REQUIREMENT:
For this exercise, write out the whole listing below exactly, omitting its images.
+++ STORED DATA
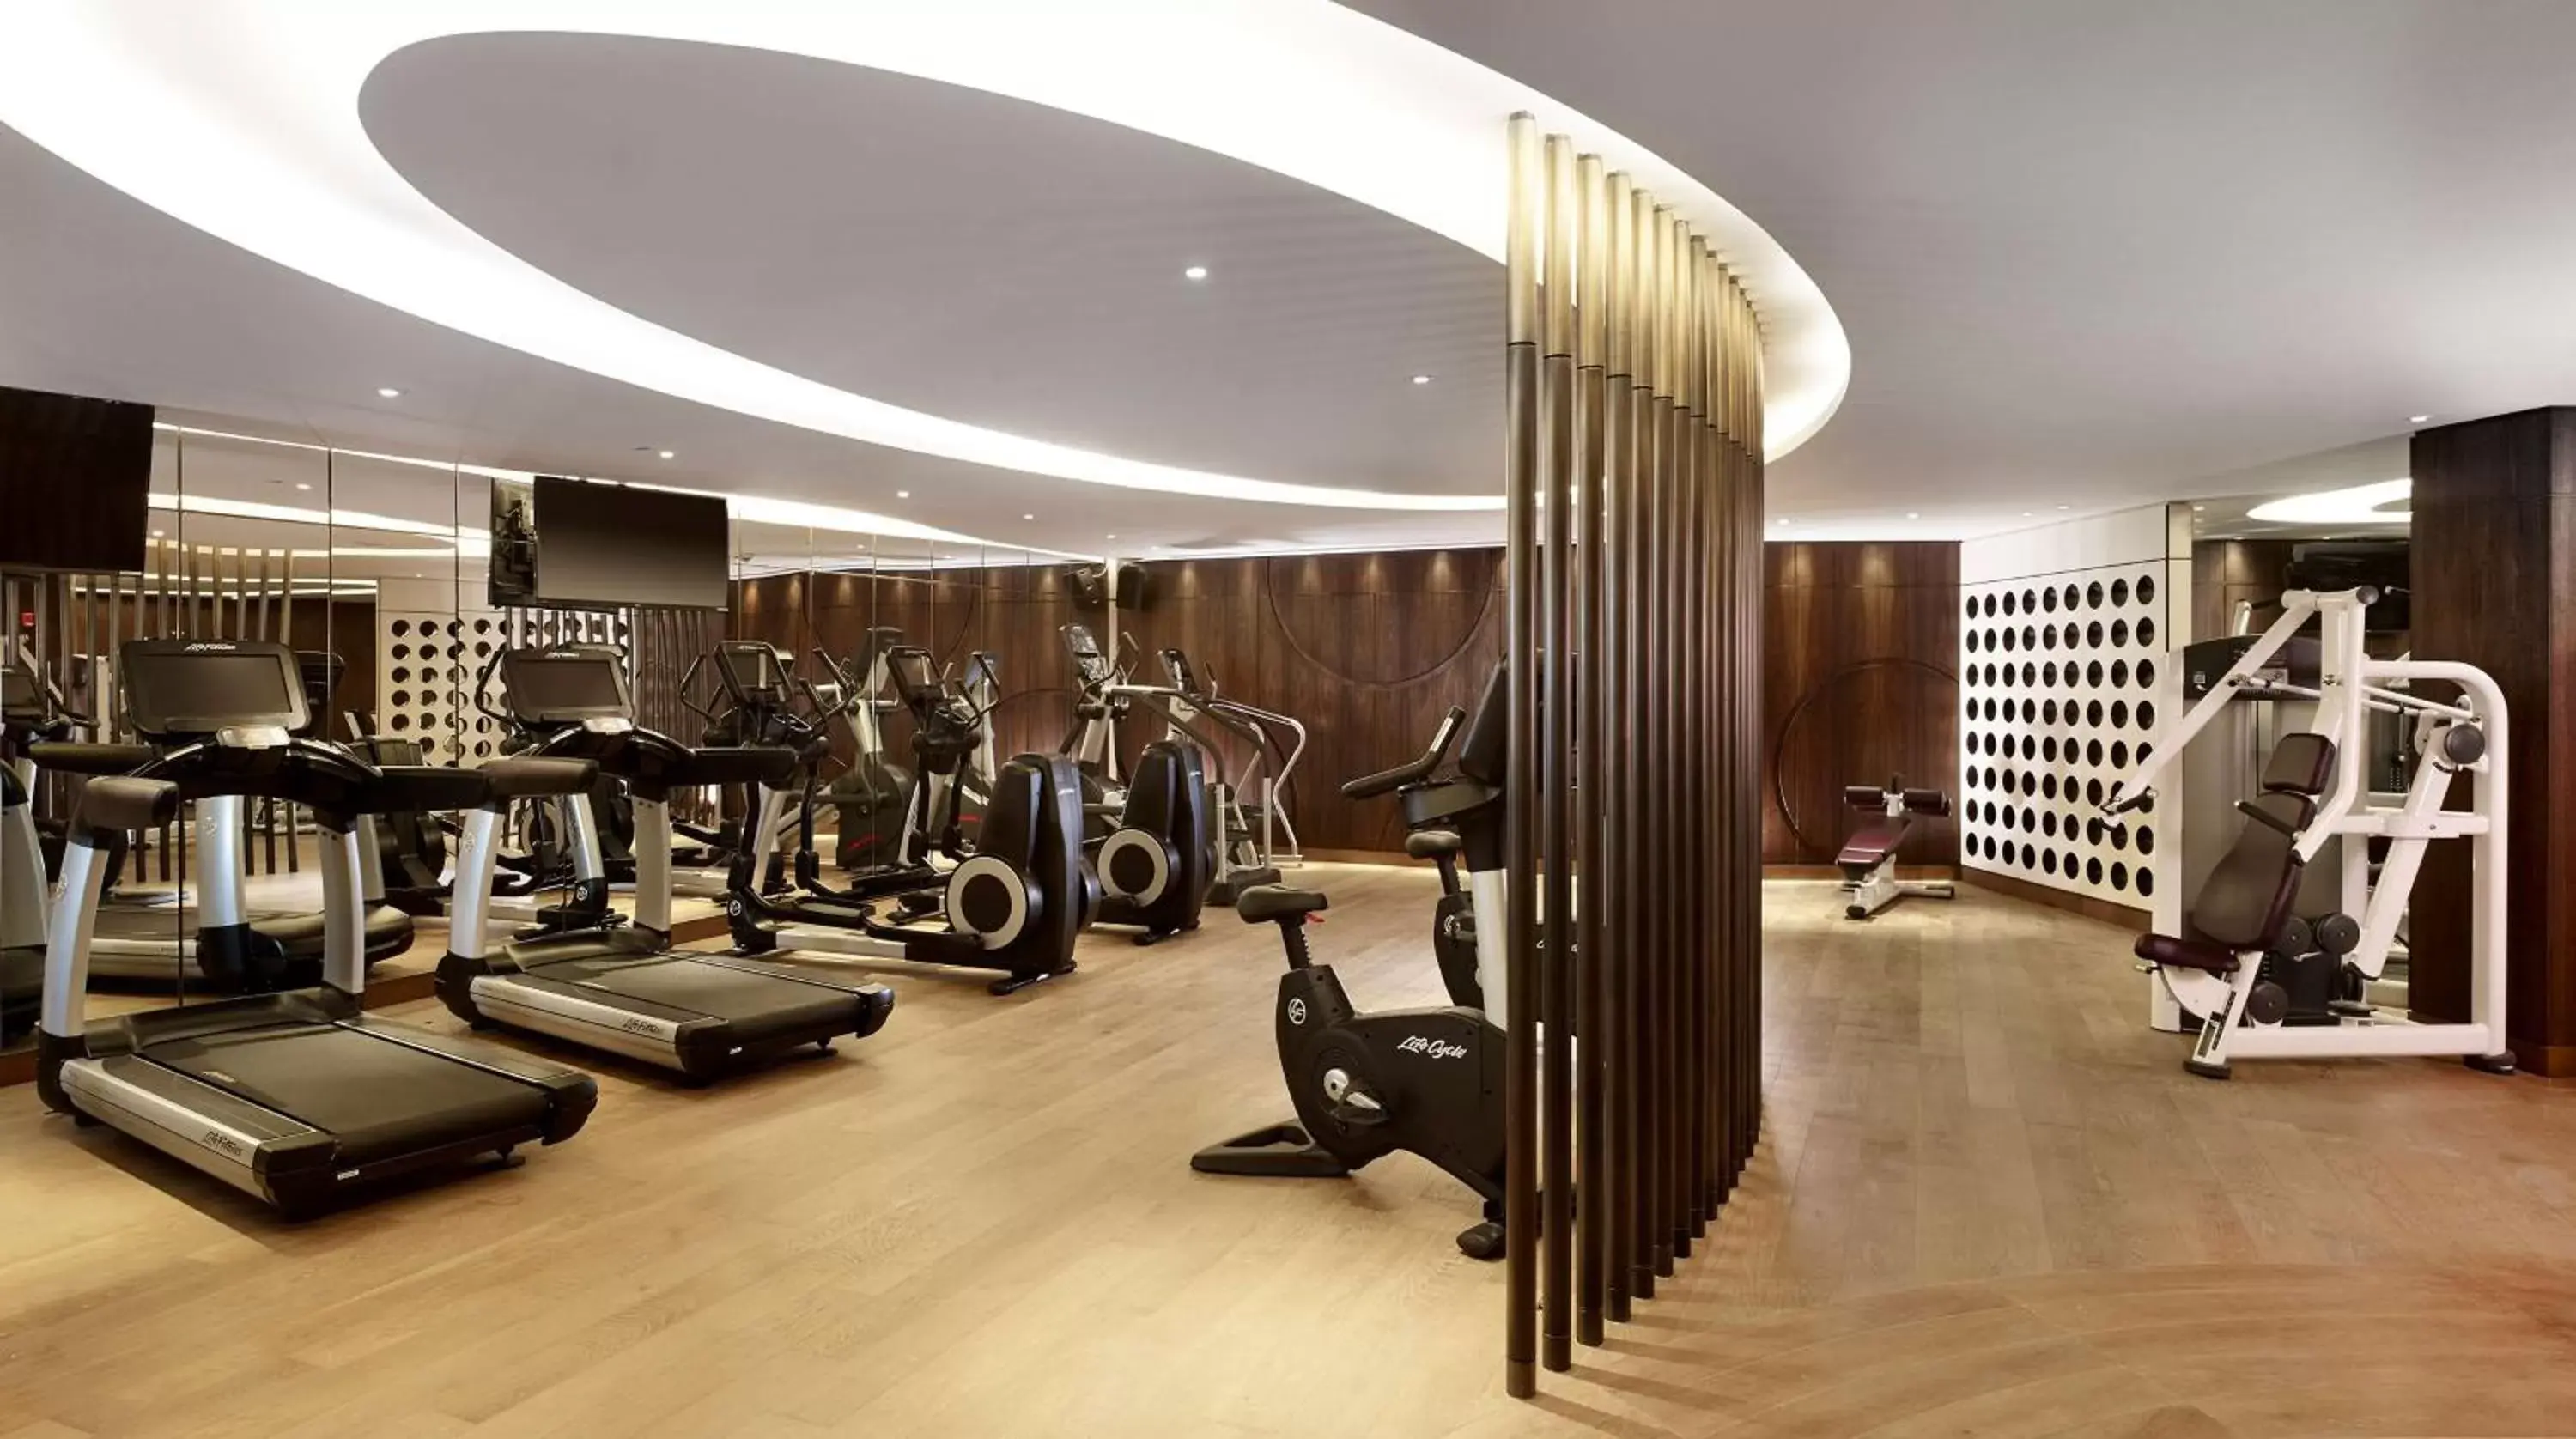 Fitness centre/facilities in Hyatt Regency Istanbul Atakoy
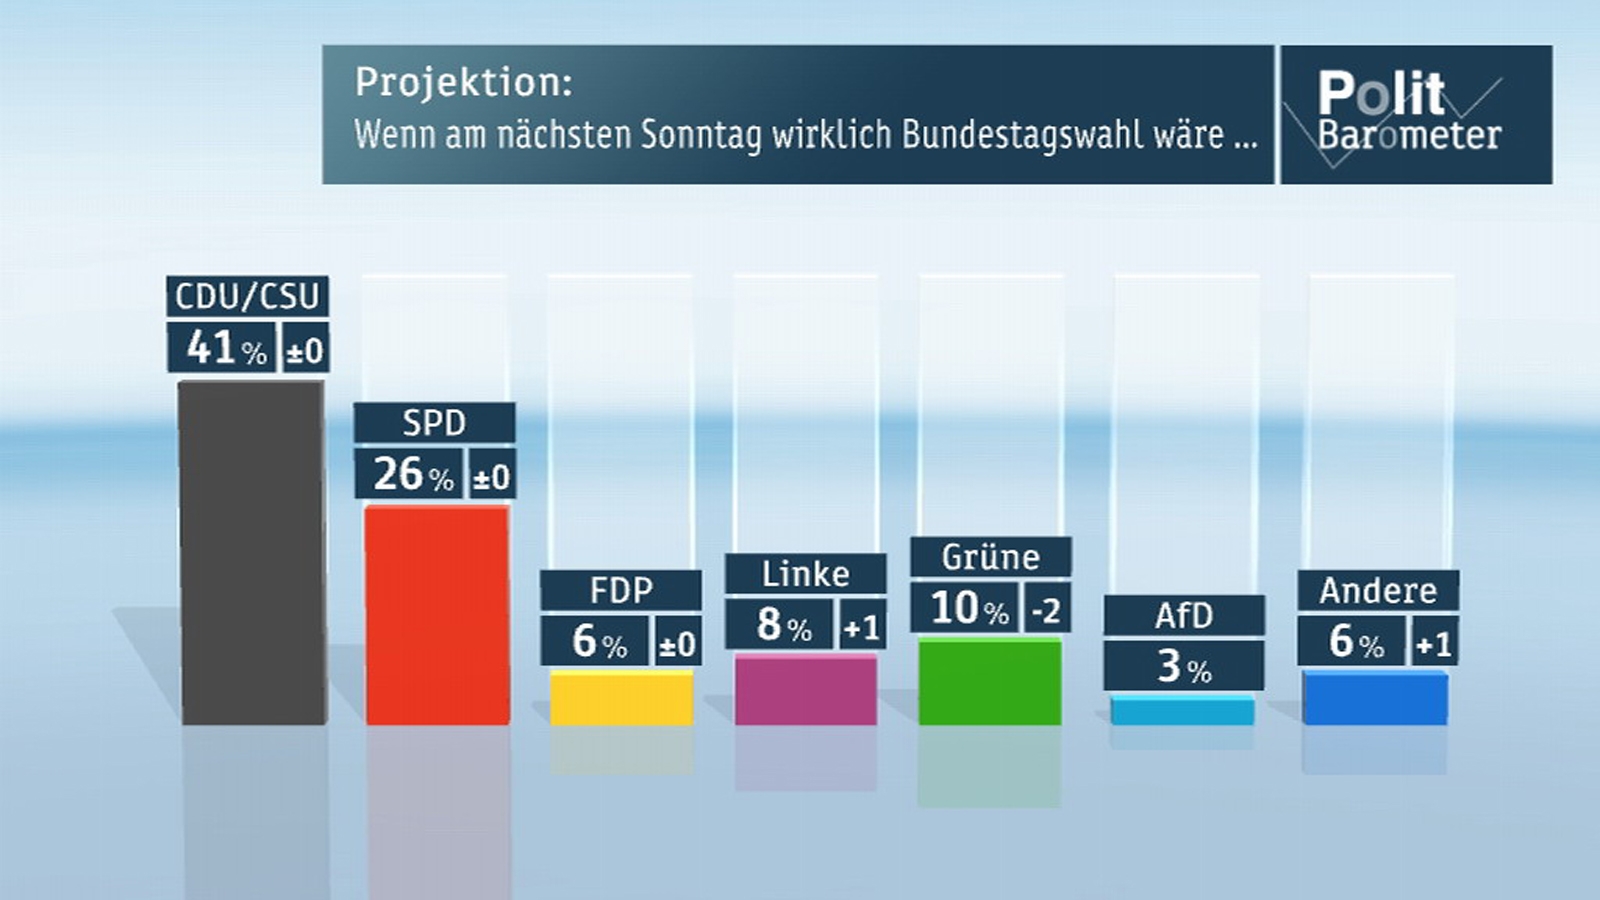 ZDF-Polibarometer vom 05. September 2013: Wenn am nächsten Sonntag Bundestagswahl wäre, käme die CDU/CSU unverändert auf 41 Prozent und die SPD weiterhin auf 26 Prozent, die FDP bliebe bei 6 Prozent, während die Linke auf 8 Prozent (plus 1) zulegen könnte
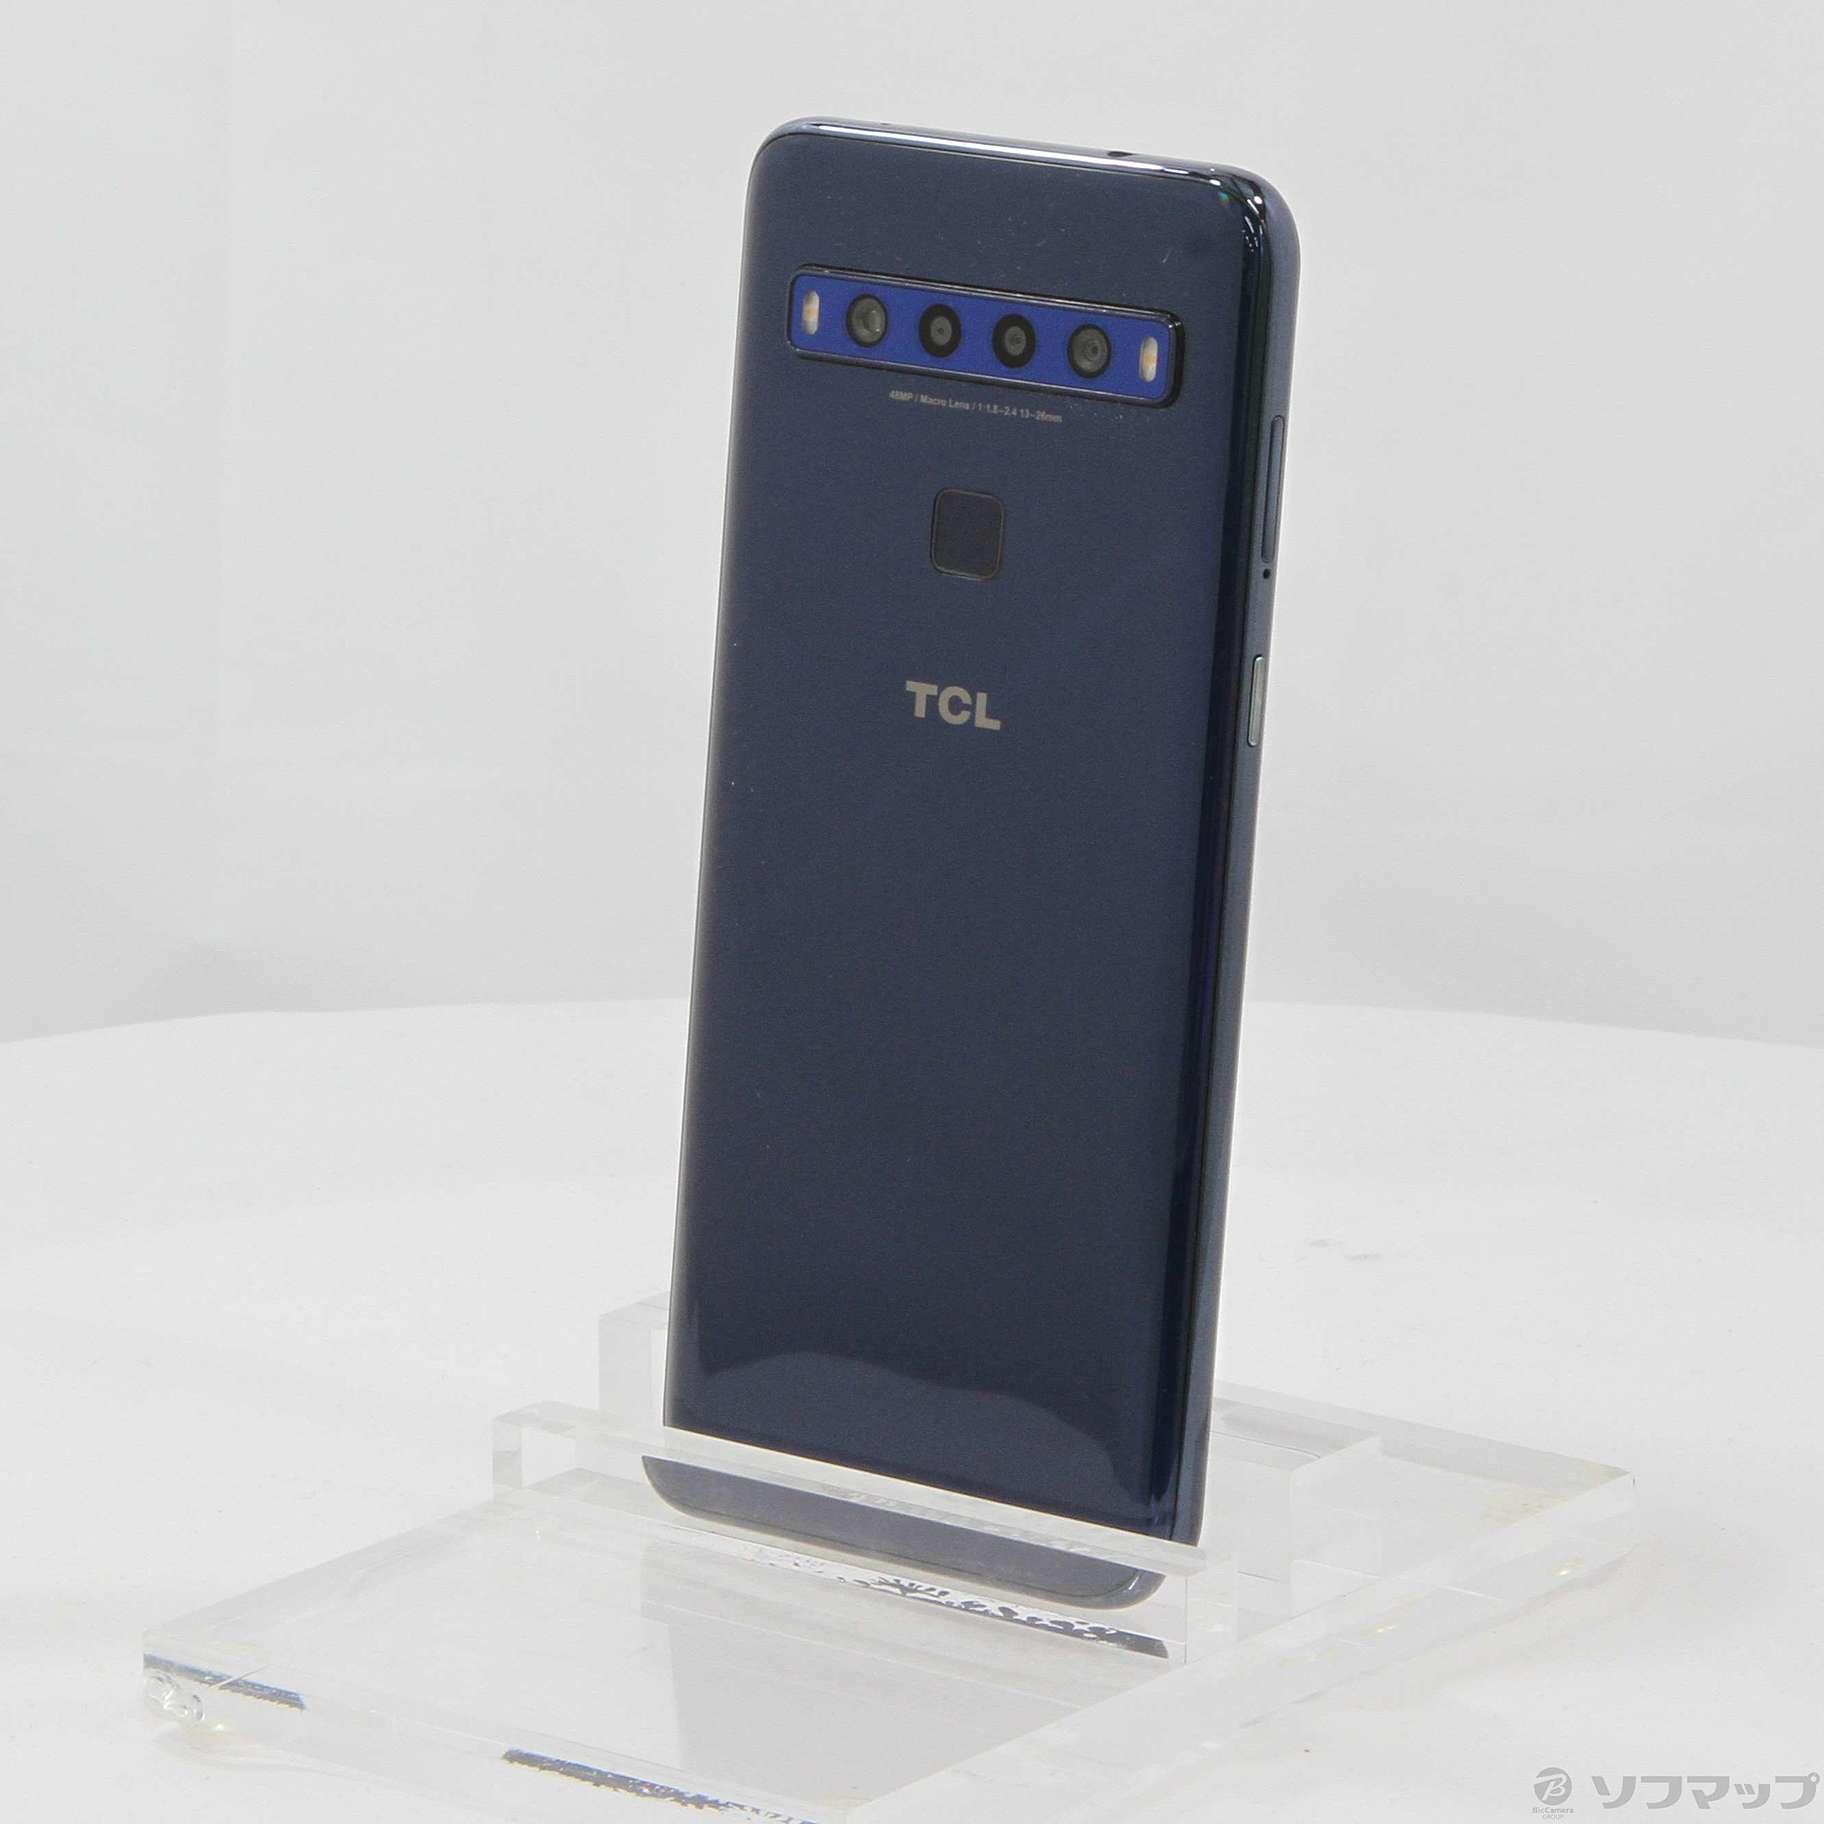 TCL - 10 Lite　simフリースマートフォン
++++++
ANSWER FOR THE TASK:
 Fitness centre/facilities in Hyatt Regency Istanbul Atakoy
 ZDF-Polibarometer vom 05. September 2013: Wenn am nächsten Sonntag Bundestagswahl wäre, käme die CDU/CSU unverändert auf 41 Prozent und die SPD weiterhin auf 26 Prozent, die FDP bliebe bei 6 Prozent, während die Linke auf 8 Prozent (plus 1) zulegen könnte
 TCL - 10 Lite　simフリースマートフォン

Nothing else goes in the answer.